Young women vie for an ideal "selfie" backdrop on San Juan's Condado Beach. Young women vie for an ideal "selfie" backdrop on San Juan's Condado Beach. The oceanfront along much of San Juan's beaches is frequented by tourists and locals alike.
       
     
 Luis Perez and his family lost their home following Hurricane Maria in September 2017. The house, like many in Puerto Rico, was a wood structure and not built to survive winds that reached 175 mph in September 2017. Following the storm, Luis, his wife Maria, their three children and two dogs moved into an abandoned schoolhouse in the small mountainside town of Adjuntas. Unable to find a well-paying job, Luis is unsure if or when they will be able to move into a proper home.
       
     
 "It's hard, of course, but I don't know what to do anymore." Sofia and Ricardo Arraya have seven children, five were born healthy but two, Jose and Josie were born with developmental impairments and have lived with Sofia and Ricardo their entire lives.
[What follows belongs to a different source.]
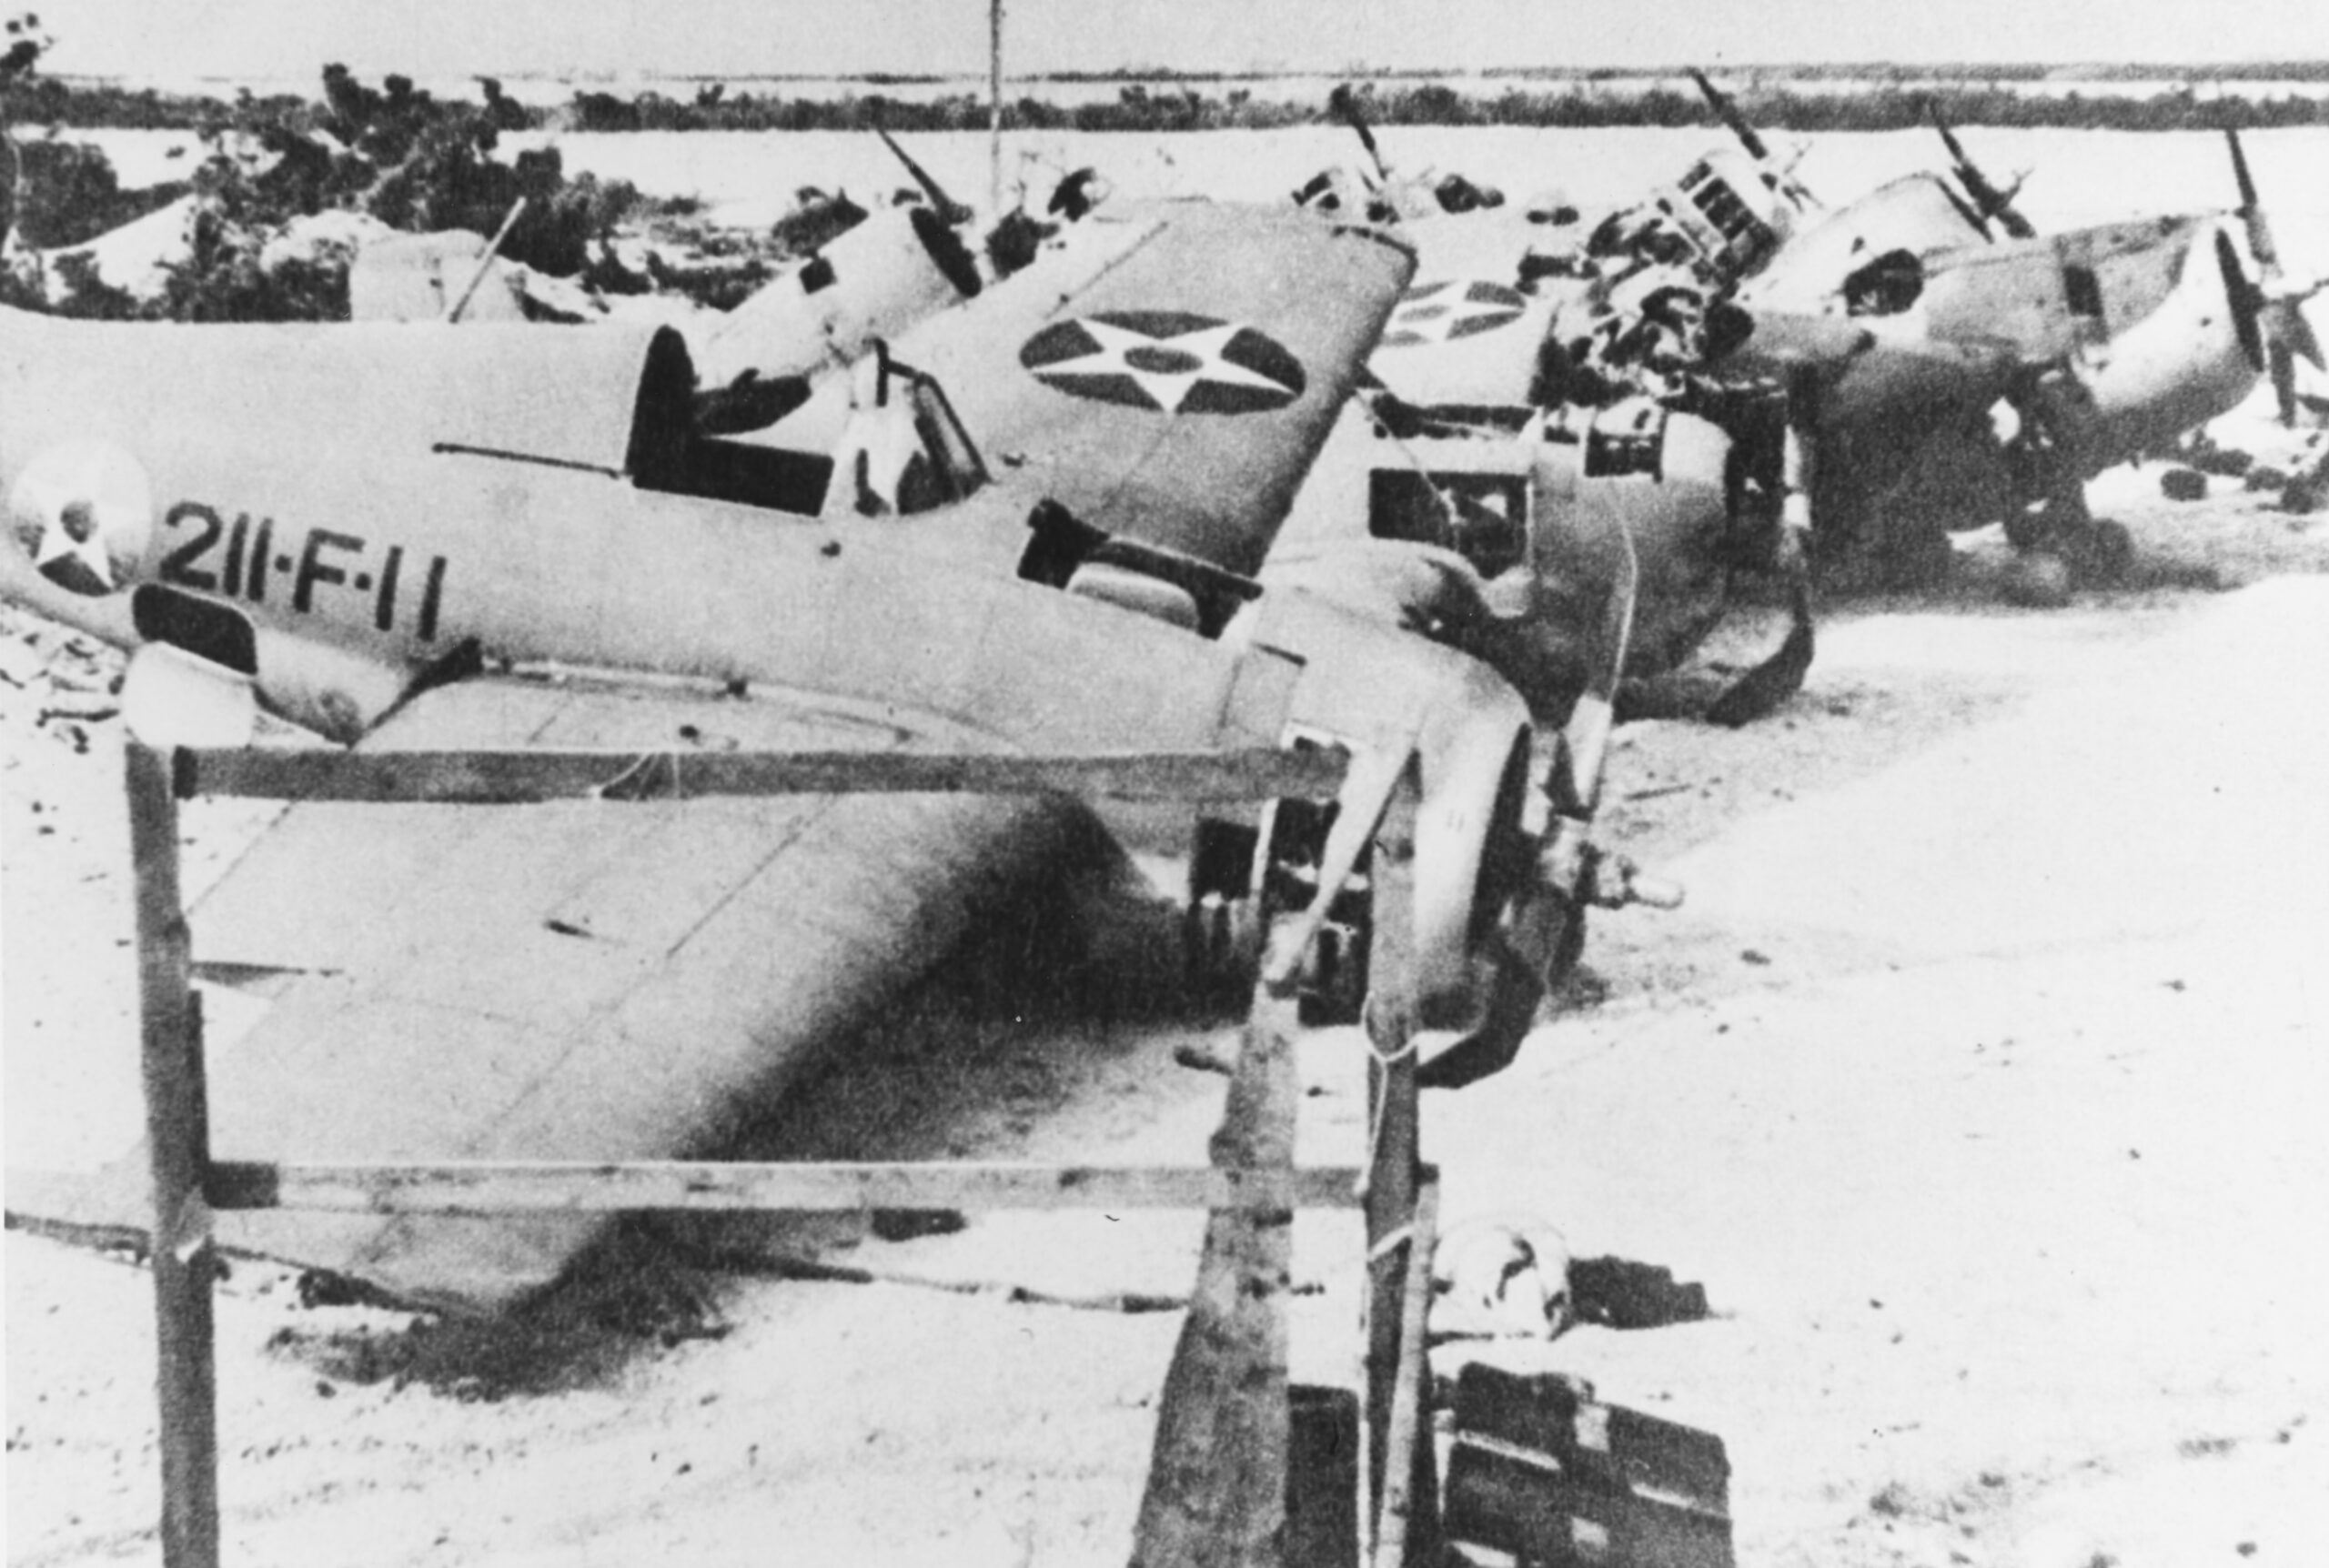 Wreckage of American Wildcat fighterson Wake Island after Dec. 1941 invasion.

Both in their late 60s, the parents acknowledge neither of their children receive the care they would if the family had more money or lived somewhere with better services.
       
     
 An array of medications taken daily by siblings Jose, 52, and Josie Arraya, 48, share a small table with stacks of bills, prescription instructions and cheap decor. The adult brother and sister both suffer from developmental disabilities and mental health issues and struggle to receive proper care.   Even before Hurricane Maria hit the island in September 2017 Puerto Rico suffered from poor health infrastructure, a shrinking healthcare workforce, high debt, poverty and unemployment. Following the storm, conditions have worsened as some medical professionals choose to find work elsewhere and others grapple with insurance companies often unwilling to reimburse.
       
     
 “Do you know why? We listen to His words. That is why we are here today. There is too much pain in Puerto Rico, even more since Maria. There is suffering everywhere though and it’s easy to say “why should I help?” “What can I possibly do?” We talk ourselves out of acting because life and the many problems are overwhelming. But I can do this much. We all can. These are my brothers and my sisters. It’s very simple.”   A pastor at a church in Ponce, Puerto Rico, Marlo is one of a team of 10-15 people who volunteer their time 7 days a weeks to provide a meal and prayer for anyone who needs either. He and his team of volunteers gather in a small parking lot and deliver food from the back of trucks as the sermon is delivered from a portable loudspeaker.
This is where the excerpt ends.